SHAFTER, Calif. (KGET) – When physicians want to take a look at a patient’s vascular system to see things that aren’t visible to the naked eye, they often turn to MRI technology.

That is what experts with the California Department of Water Resources are doing to analyze the state’s water system – specifically the underground aquifers that collect and store precipitation and other surface water. 

This technology is called airborne electromagnetic (AEM) and though it’s been around for almost 20 years, it’s about to be adapted on a widespread basis in California, starting in Kern County. Representatives of a half dozen public and private water management entities were at Minter Field in Shafter for a demonstration of the technology.

The “airborne” in AEM represents helicopter-deployed digital equipment. The 30- by 70-foot AEM loop sends signals into the ground, which then bounce back. The collected data is used to create images that can help state water managers understand aquifer structures and identify where best to make water deposits into the ground so that it stays put. 

Steven Springhorn of the state Department of Water Resources said tough times demand creative new measures.

‘This is an investment on the part of the state, on behalf of all of the groundwater sustainability agencies and the public, really, to get more information about our groundwater basins,” he said. “Because, especially in times like we are, now a drought, it makes up close to 60 percent of our state’s water supply.”

In a state where so many factors are working against the Central Valley, particularly its farmers – drought, climate change, water infrastructure limitations, ground subsidence, new residential development — every tool helps.

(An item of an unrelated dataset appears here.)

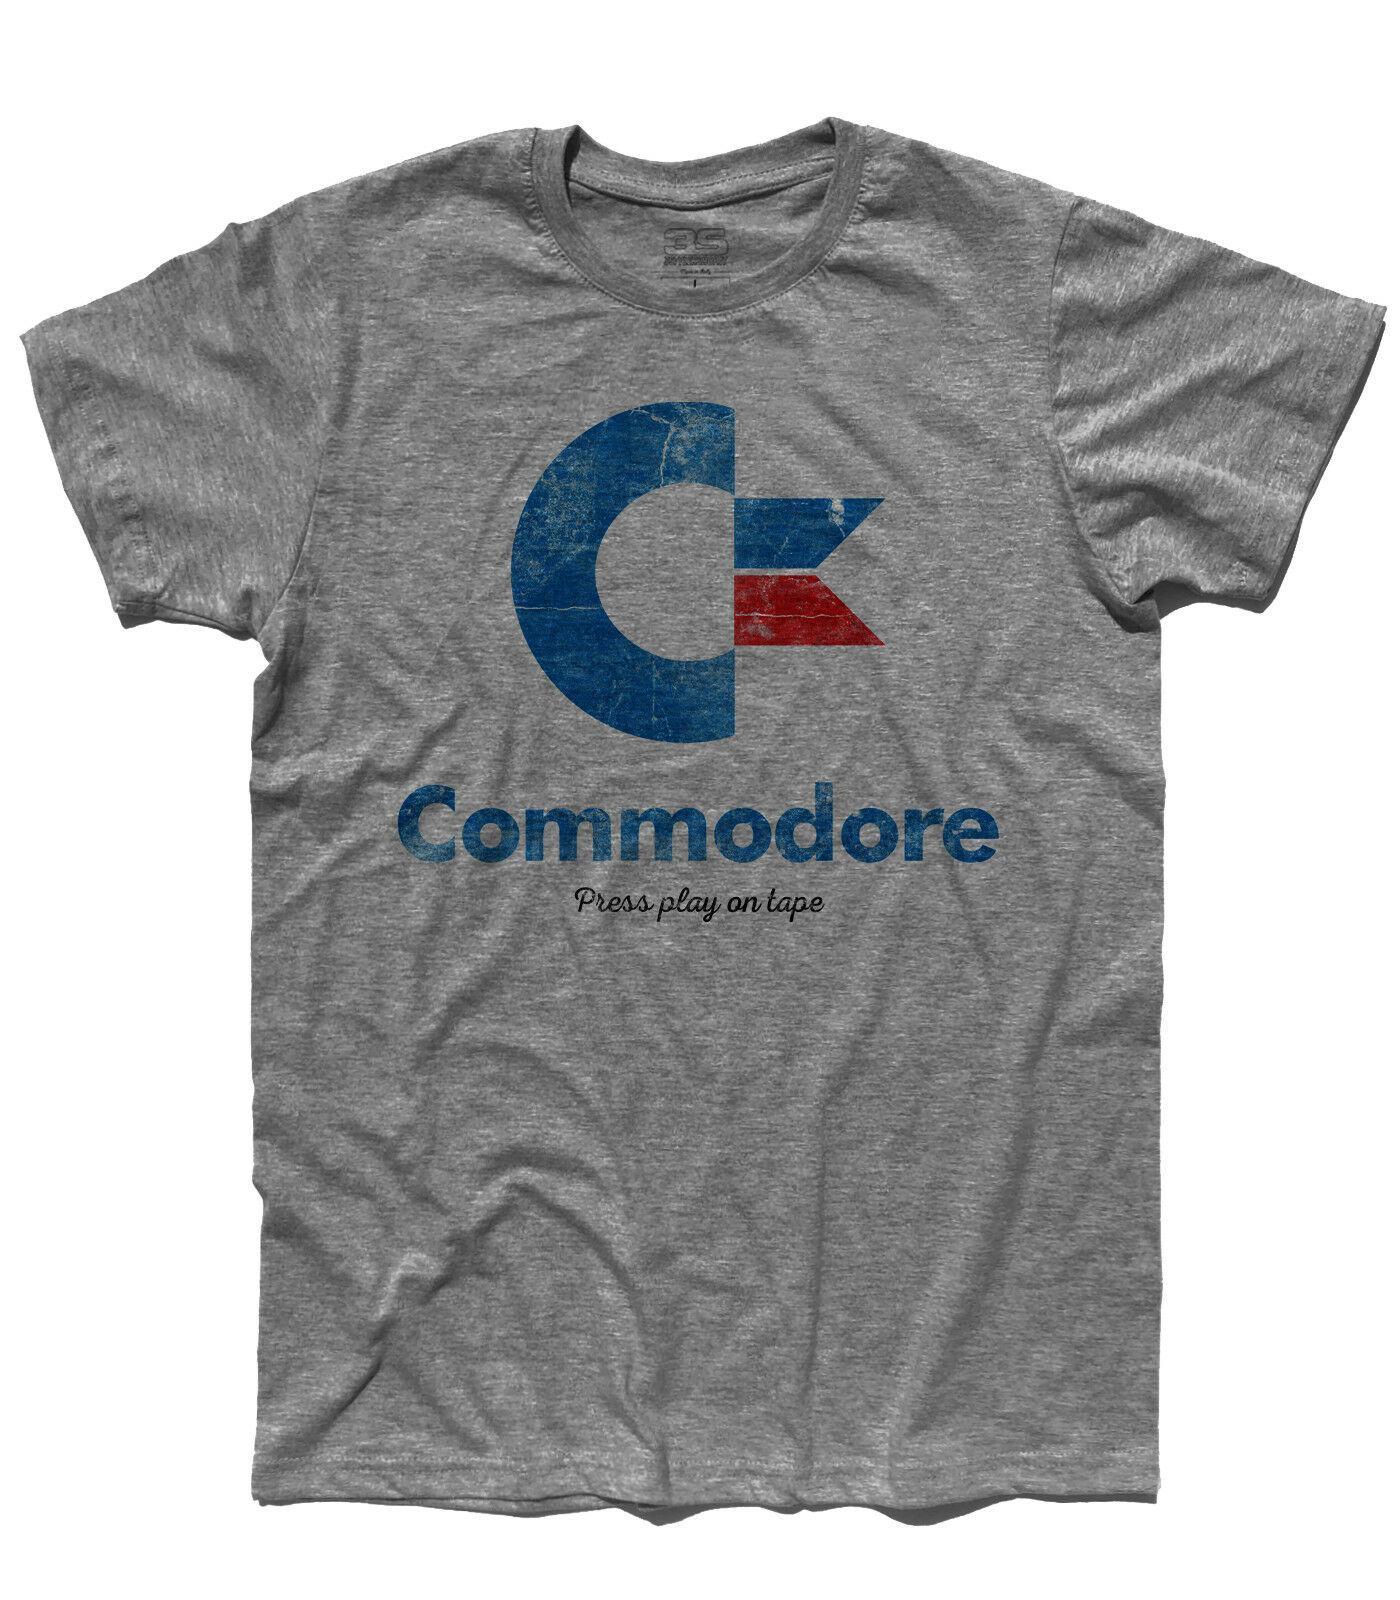 T camisa logotipo commodore antichizzato imprensa jogar na fita do computador em casa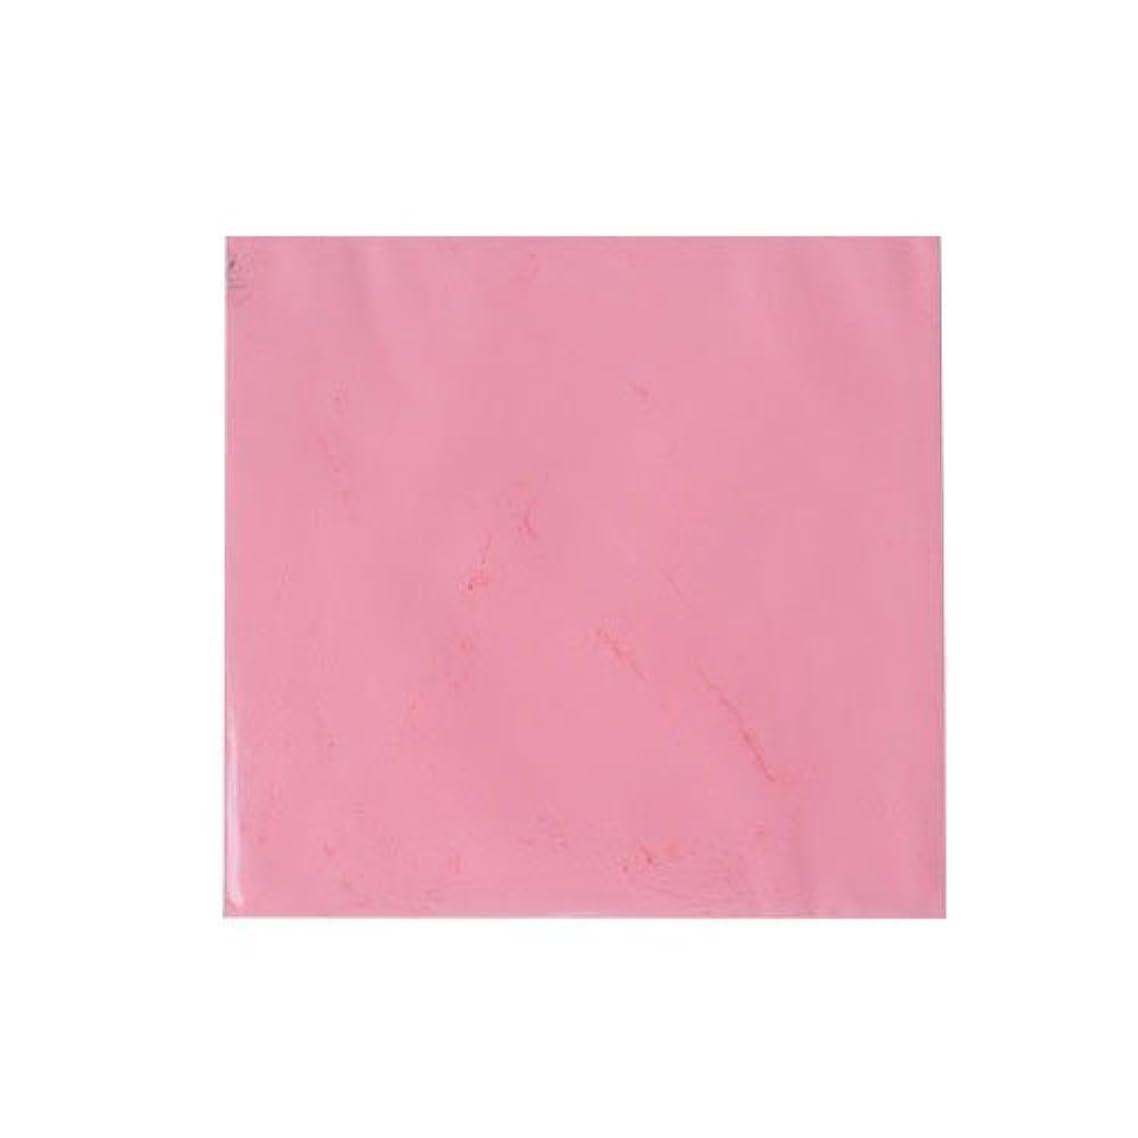 余裕がある追う契約するピカエース ネイル用パウダー カラーパウダー 着色顔料 #721 ホットピンク 2g

Max Halkjaer of the Danish water contractor Ramboll says the technology is tried and true.

“We have used it in Demark for many years,” Halkjaer said. “This system was developed and took off the first time in 2002, and it was commercially available since 2004. It has been used across the entire [nation of] Denmark.”

Why did the state water agency launch this underground survey here in Kern County? Because at the southern tip of the Central Valley it’s a logical place to begin development of what will be a standardized, statewide dataset that improves the understanding of aquifer structures.

Local water managers have to figure out how to best implement the Sustainable Groundwater Management Act (SGMA), which will force agriculture to make some tough decisions about water usage. The hope is that the AEM water-copter informs those decisions in a positive way.

So, if you should see one of these contraptions in the sky, know that it’s part of an effort to maximize one of California’s most valuable commodities – water.